Stored data

= = =

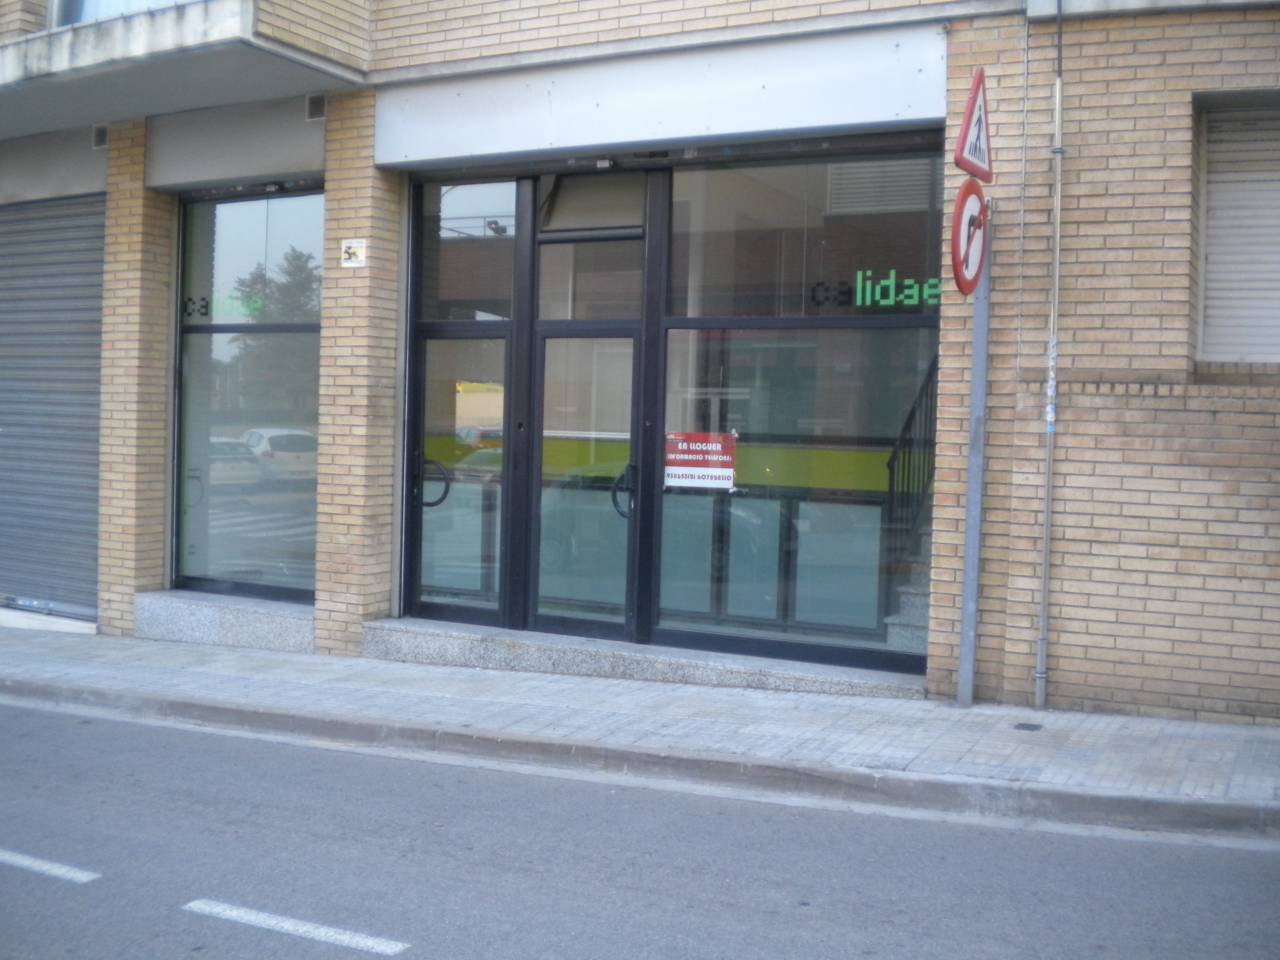 Lloguer Local Comercial  L´ametller. Superf. 140 m²,  2 aseos, salida de humos, escaparate, planta ba
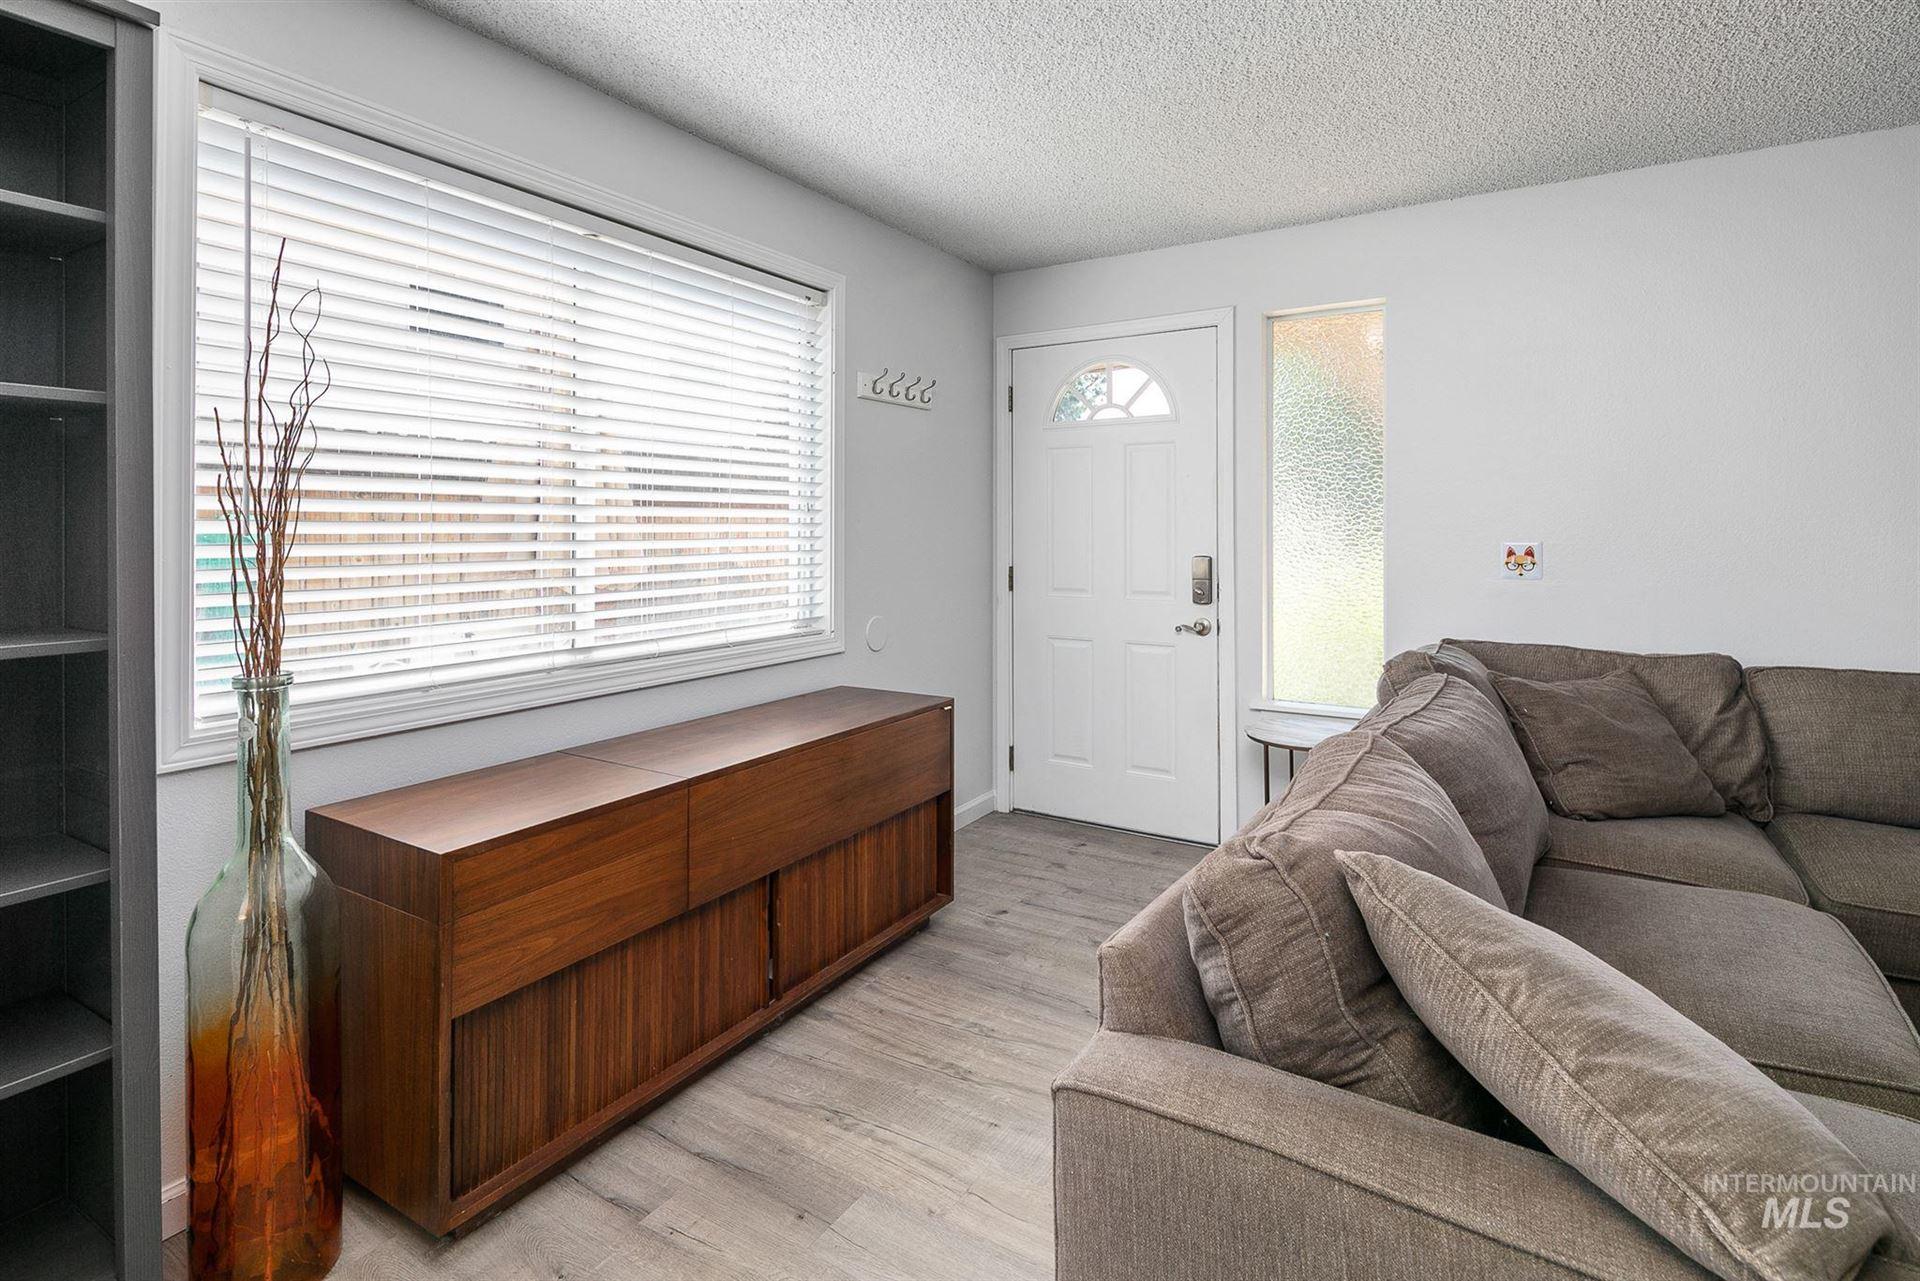 Photo of 2122 S Leadville Ave, Boise, ID 83706 (MLS # 98776279)
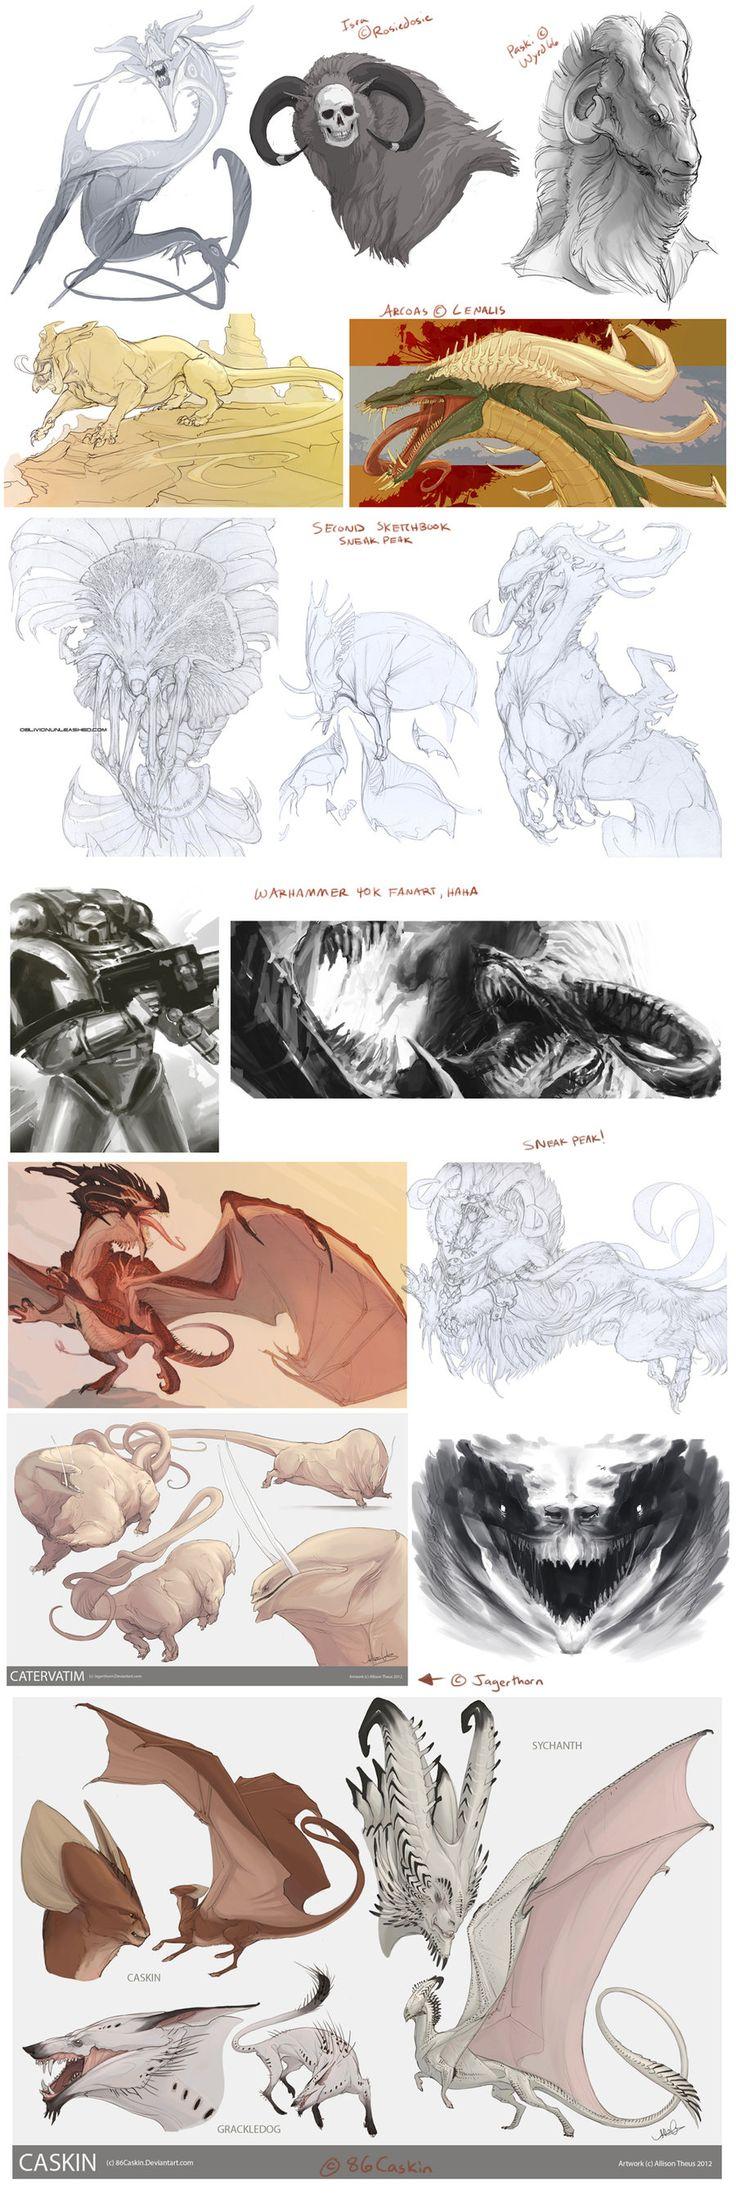 Creature Sketchdump 2 by beastofoblivion on deviantART via PinCG.com

= = =

What to do
Restate, exactly as they appear, the line with "Photo of 2122" and all the lines after it up to the end of the data above; images do not belong in the copy.

Written response
 Photo of 2122 S Leadville Ave, Boise, ID 83706 (MLS # 98776279)
 Creature Sketchdump 2 by beastofoblivion on deviantART via PinCG.com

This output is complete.